Investasi Properti Komersial Jakarta Catat Pertumbuhan Stabil di Tengah Ketidakpastian Global
Sektor investasi properti komersial di Jakarta menunjukkan performa resilien sepanjang kuartal I-2026, meskipun kondisi ekonomi global masih diwarnai ketidakpastian. Data Colliers Indonesia mencatat t
Sektor investasi properti komersial di Jakarta menunjukkan performa resilien sepanjang kuartal I-2026, meskipun kondisi ekonomi global masih diwarnai ketidakpastian. Data Colliers Indonesia mencatat tingkat okupansi gedung perkantoran Grade A di kawasan CBD Jakarta mencapai 72,3%, naik 2,1 poin persentase dari periode yang sama tahun lalu.
Permintaan dan Suplai Terjadi Penyesuaian
Harga sewa rata-rata gedung perkantoran premium di Jakarta Pusat berkisar Rp 280.000-Rp 350.000 per meter persegi per bulan, sesuai data Knight Frank Indonesia. Angka ini mengalami koreksi tipis 3-5% dibandingkan puncaknya pada 2019, namun stabil dibandingkan kuartal sebelumnya.
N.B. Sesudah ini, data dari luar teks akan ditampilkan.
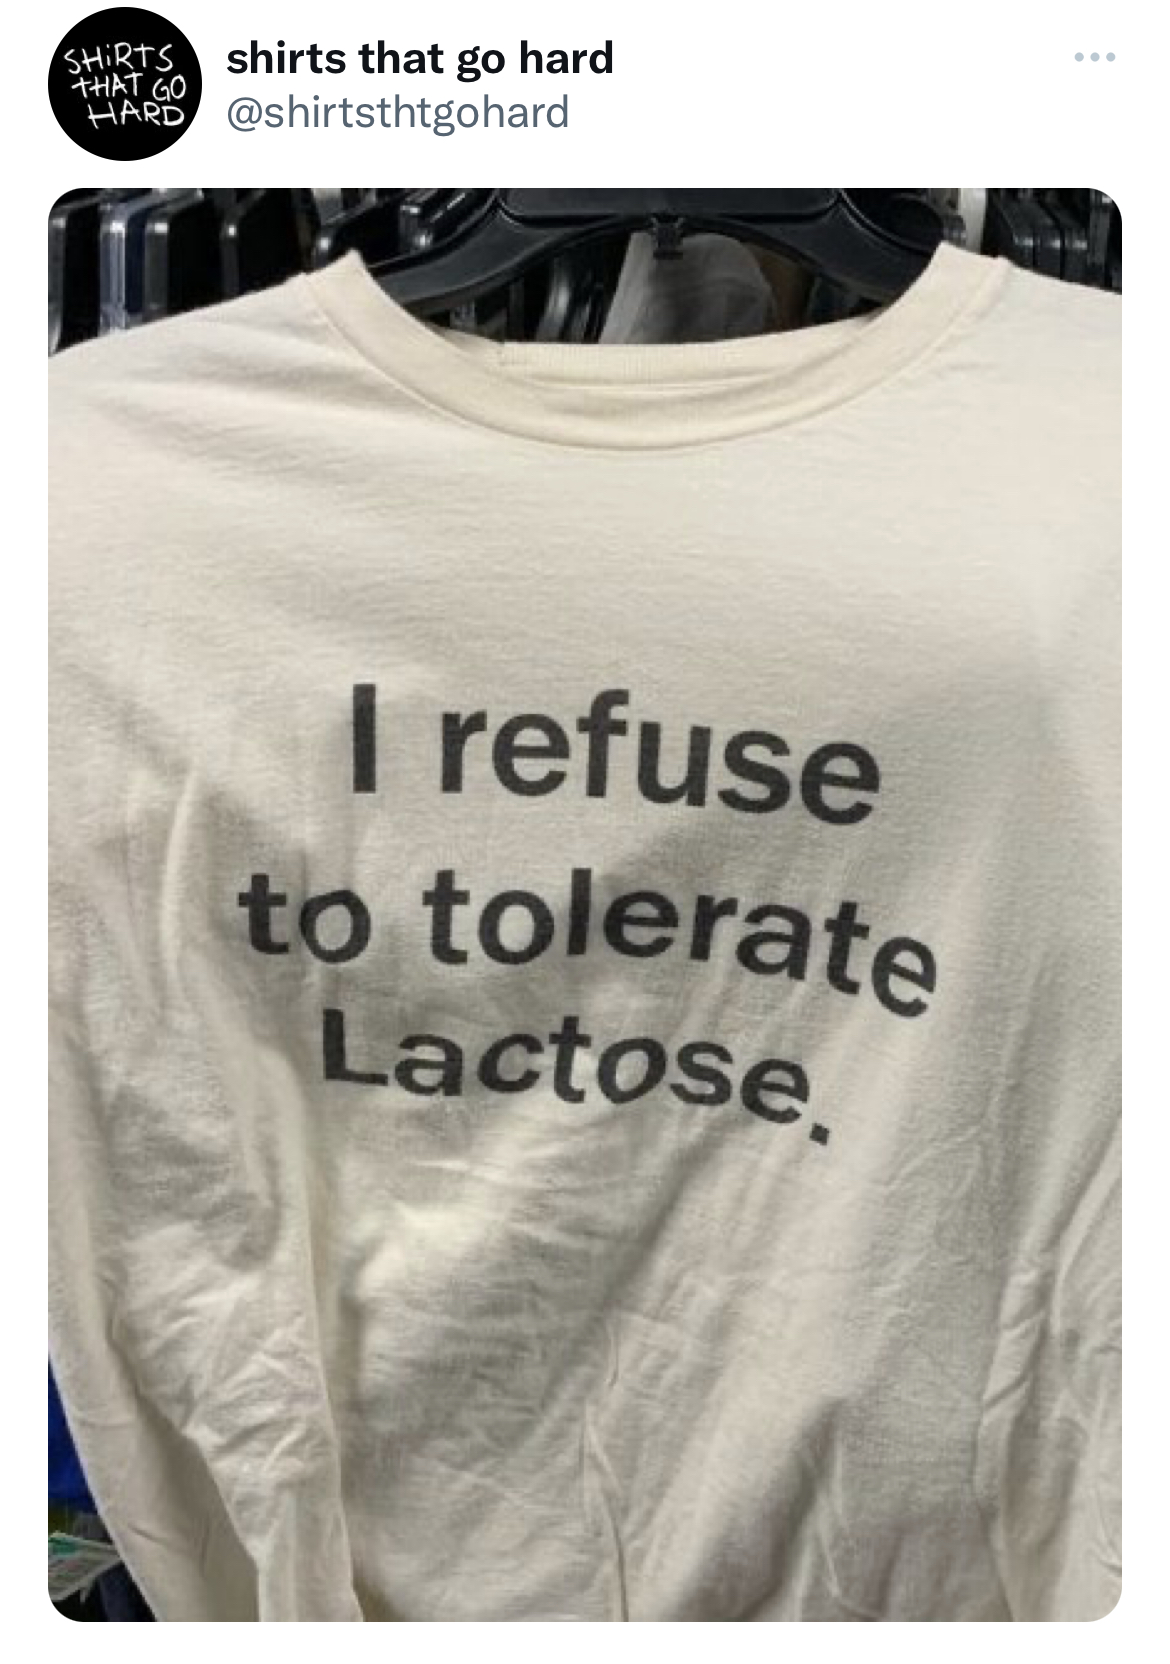 funny and fresh tweets - refugee action - Shirts shirts that go hard Hard That Go I refuse to tolerate Lactose,

Director of Research JLL Indonesia, Tommy Hidayat, menjelaskan bahwa penyesuaian harga sewa justru menjadi daya tarik bagi investor institusional. "Banyak fund manager regional yang mulai melirik aset perkantoran di Jakarta karena yield-nya kini lebih kompetitif dibanding Singapura dan Kuala Lumpur," ujarnya dalam keterangan resmi, Senin (14/4/2026).
Sector Logistik dan Data Center Tetap Diminati
Kawasan industri dan logistik di pinggiran Jakarta tetap menjadi primadona investor. Tingkat okupansi gudang modern di Cikarang dan Karawang tercatat di atas 85%, didorong pertumbuhan e-commerce dan kebutuhan cold chain logistik. Sementara itu, investasi di sektor data center mengalami lonjakan signifikan dengan pipeline proyek senilai lebih dari Rp 15 triliun di wilayah Jabodetabek.
Head of Investment Services CBRE Indonesia, Maria Susanto, memproyeksikan total transaksi investasi properti komersial di Jakarta akan mencapai Rp 28-32 triliun sepanjang 2026. Angka ini naik 12-15% dari realisasi tahun lalu yang tercatat Rp 26,8 triliun.
Faktor Penunjang Pertumbuhan
Beberapa faktor mendorong optimisme investor antara lain stabilisasi suku bunga acuan Bank Indonesia di level 5,75%, pemulihan mobilitas perkantoran pasca-pandemi, dan proyek infrastruktur baru seperti MRT Fase 2 yang meningkatkan aksesibilitas kawasan strategis.
Namun, para analis mengingatkan bahwa investor perlu memperhatikan risiko kelebihan suplai di segmen tertentu. Colliers mencatat ada sekitar 450.000 meter persegi ruang perkantoran baru yang dijadwalkan selesai pada 2026-2027, yang berpotensi menekan tingkat okupansi jika pertumbuhan permintaan tidak bergerak seiring.
Tren ini menegaskan bahwa investasi properti komersial di Jakarta tetap menarik bagi investor jangka panjang yang selektif dalam memilih segmen dan lokasi strategis.
Berdasarkan data dan analisis terkini, tren analisis investasi properti komersial di jakarta menunjukkan dinamika yang signifikan di pasar Indonesia. Para pelaku industri dan pemangku kepentingan terus mencermati perkembangan ini untuk mengambil langkah strategis yang tepat.